Джоан поднялась и накрыла узкой ладонью стакан, который собрался
наполнить Пнин. Миссис Тейер посмотрела на часики, после -- на мужа. Мягкий
зевок растянул Лоренсов рот. Бетти спросила у Томаса, не знает ли он
человека по фамилии Фогельман, специалиста по летучим мышам, который живет в
Санта-Кларе на Кубе. Гаген попросил стакан воды или пива. Кого он мне
напоминает? -- внезапно подумал Пнин. -- Эрика Винда? Но почему? Внешне они
совершенно различны.
Финальную сцену сыграли в прихожей. Гаген никак не мог отыскать трость,
с которой пришел (она завалилась за баул в стенном шкафу).
-- А я думаю, что оставила сумочку там, где сидела, -- говорила миссис
Тейер, легконько подталкивая задумчивого мужа к гостиной.
Пнин и Клементс напоследок разговорились, стоя по сторонам двери,
словно чета раскормленных кариатид. Они втянули животы, пропуская
безмолвного Тейера. Посреди комнаты стояли Томас и Бетти, -- он, заложив
руки за спину и время от времени привставая на носки, она с подносом в
руках, -- и беседовали о Кубе, где, по сведениям Бетти, какое-то время жил
двоюродный брат ее нареченного. Тейер слонялся от кресла к креслу и вдруг
обнаружил, что держит в руке белую сумку, так, впрочем, и не поняв, где он
ее подцепил, -- голова его была занята составлением строк, которые он
запишет сегодня ночью:
"Мы сидели и пили, каждый с отдельным прошлым, скрытым внутри, с
будильниками судьбы, поставленными на разобщенные сроки, -- когда, наконец,
изогнулось запястье, и взоры супругов сошлись..."

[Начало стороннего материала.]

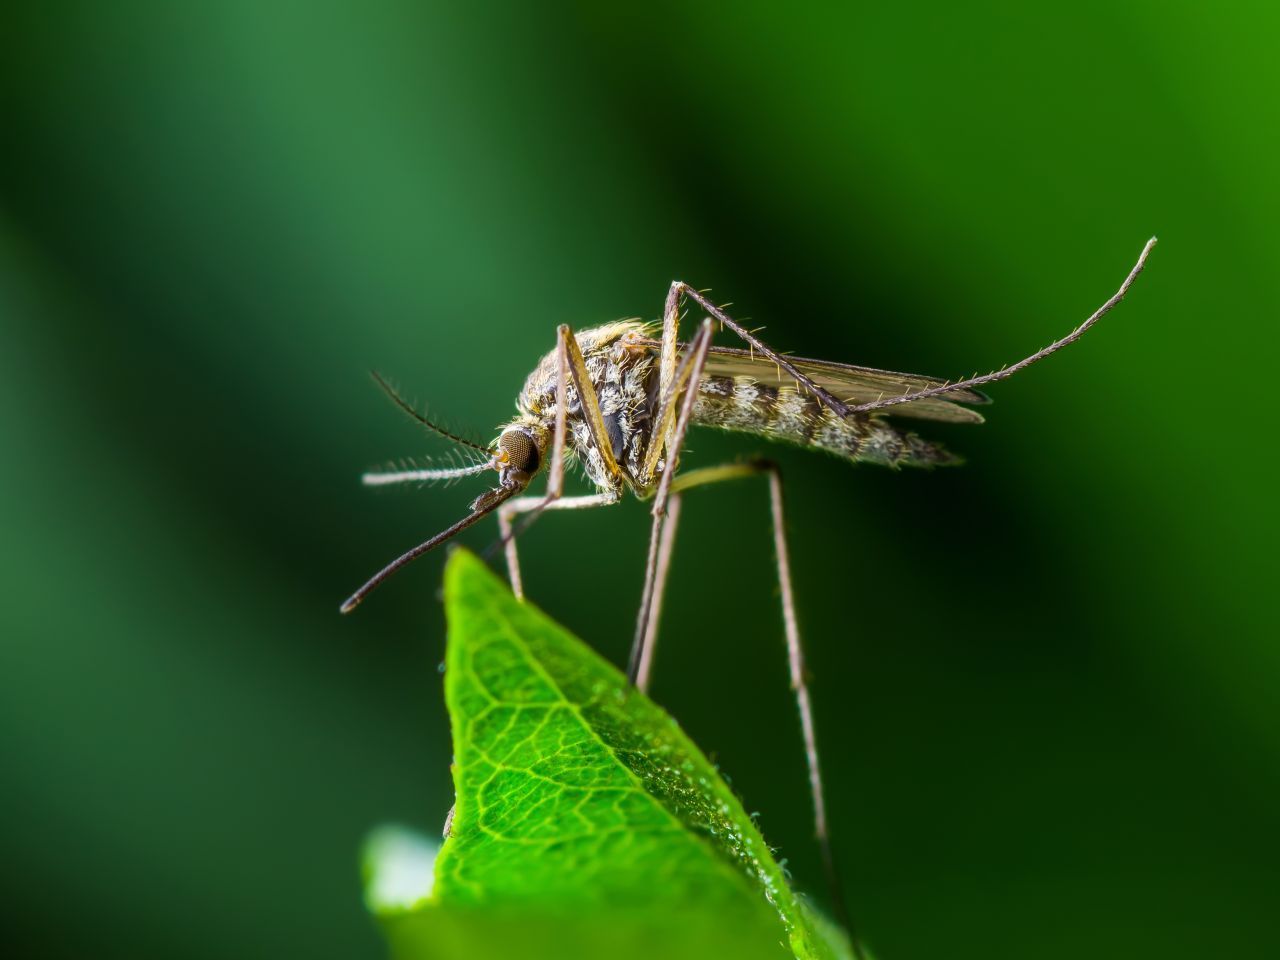 Mit der Hitze kommen die Mücken. Von ihrer exotischen Heimat aus erobern sie den Norden. Laut einer neuen Hochrechnung könnten in den nächsten Jahrzehnten eine halbe Milliarde Menschen zusätzlich jenen Stechtieren ausgesetzt sein, die gefährliche Tropenkrankheiten wie Malaria, Dengue- oder Gelbfieber übertragen. Europa zählt zu den Regionen, die mit einem starken Befall rechnen müssen. In Süddeutschland wurden schon 2017 asia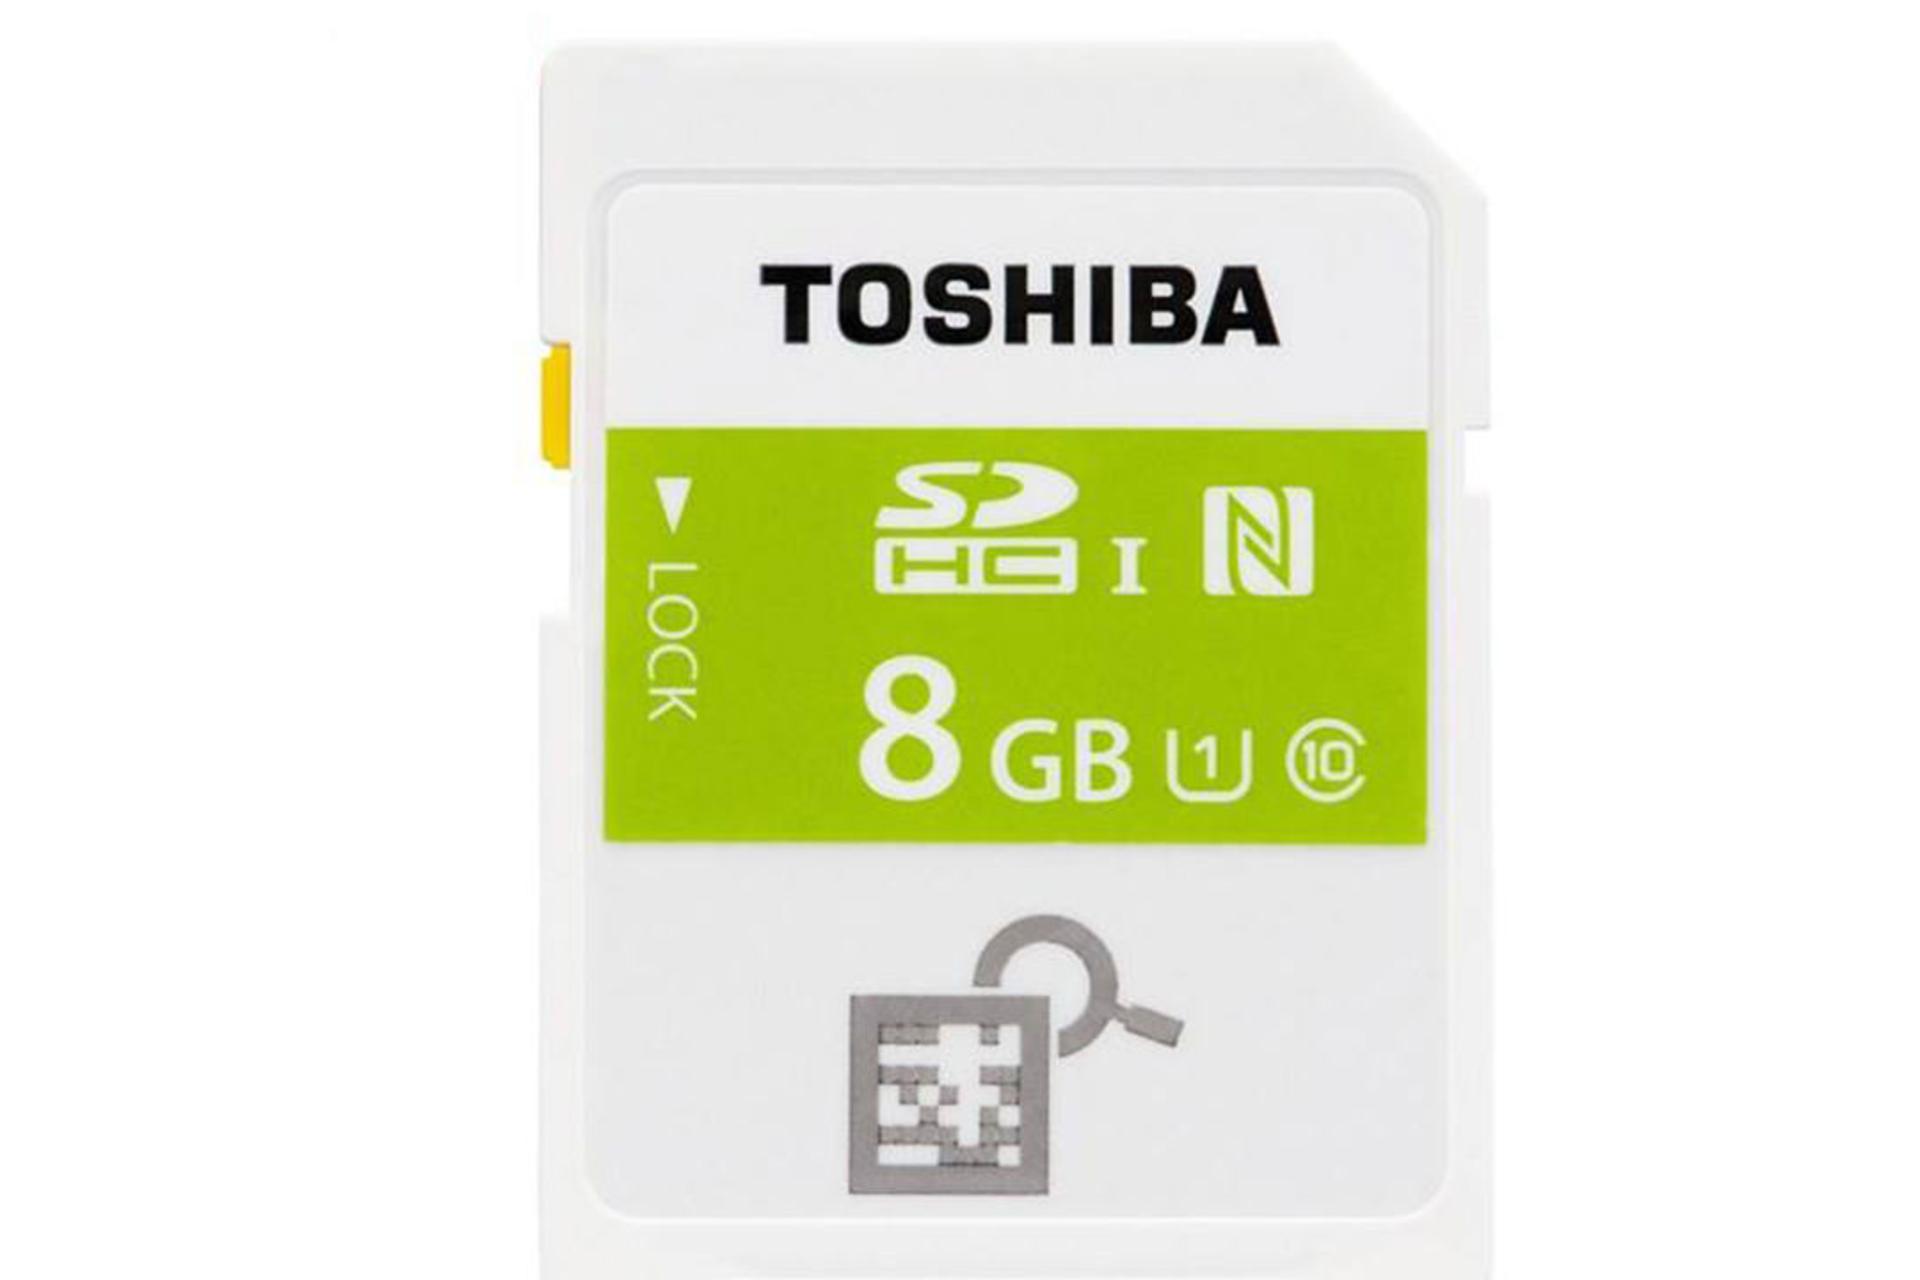 مرجع متخصصين ايران Toshiba NFC High Speed Professional SDHC Class 10 UHS-I U1 8GB

Между тем Пнин спросил у Джоан Клементс и Маргарет Тейер, не угодно ли
им взглянуть, как он обставил верхние комнаты? Мысль пришлась им по вкусу.
Он повел их наверх. Его так называемый kabinet теперь выглядел очень уютно,
драный пол укрылся более или менее пакистанским ковром, который он когда-то
купил для своей комнаты в колледже и который недавно вытянул, сохраняя
решительное безмолвие, из-под ног изумленного Фальтернфельса. Шотландский
плед, кутаясь в который Пнин пересек в 40 году океан, и несколько подушек
местной выделки прикрыли недвижимую кровать. Розоватые полки, на которых он
обнаружил поколения детских книг, начиная с "Чистильщика Тома, или Пути к
успеху" Горацио Алджера младшего (1869), минуя "Рольфа в лесах" Эрнеста
Томпсона Сэтона (1911) и кончая "Комптоновской энциклопедией в картинках",
изданной в 1928 году в десяти томах с туманными маленькими фотографиями, --
отягощались теперь тремястами шестьюдесятью пятью единицами хранения
библиотеки Вайнделлского колледжа.
-- Как подумаешь, что все это я проштамповала, -- вздохнула миссис
Тейер, в шутливом ужасе закатывая глаза.
-- Некоторые проштампованы миссис Миллер, -- сказал Пнин, приверженец
исторической истины.
В спальне посетителей сильнее всего поразили: складная ширма,
защищавшая кровать о четырех столбах от пронырливых сквозняков, и вид из
выстроившихся рядком окошечек -- темная каменная стена, круто вздымающаяся в
пятидесяти футах от зрителя, с полоской бледного звездного неба над черной
порослью вершины. Через лужайку за домом по отпечатку окна прошел в темноту
Лоренс.
-- Наконец-то вам по-настоящему удобно, -- сказала Джоан.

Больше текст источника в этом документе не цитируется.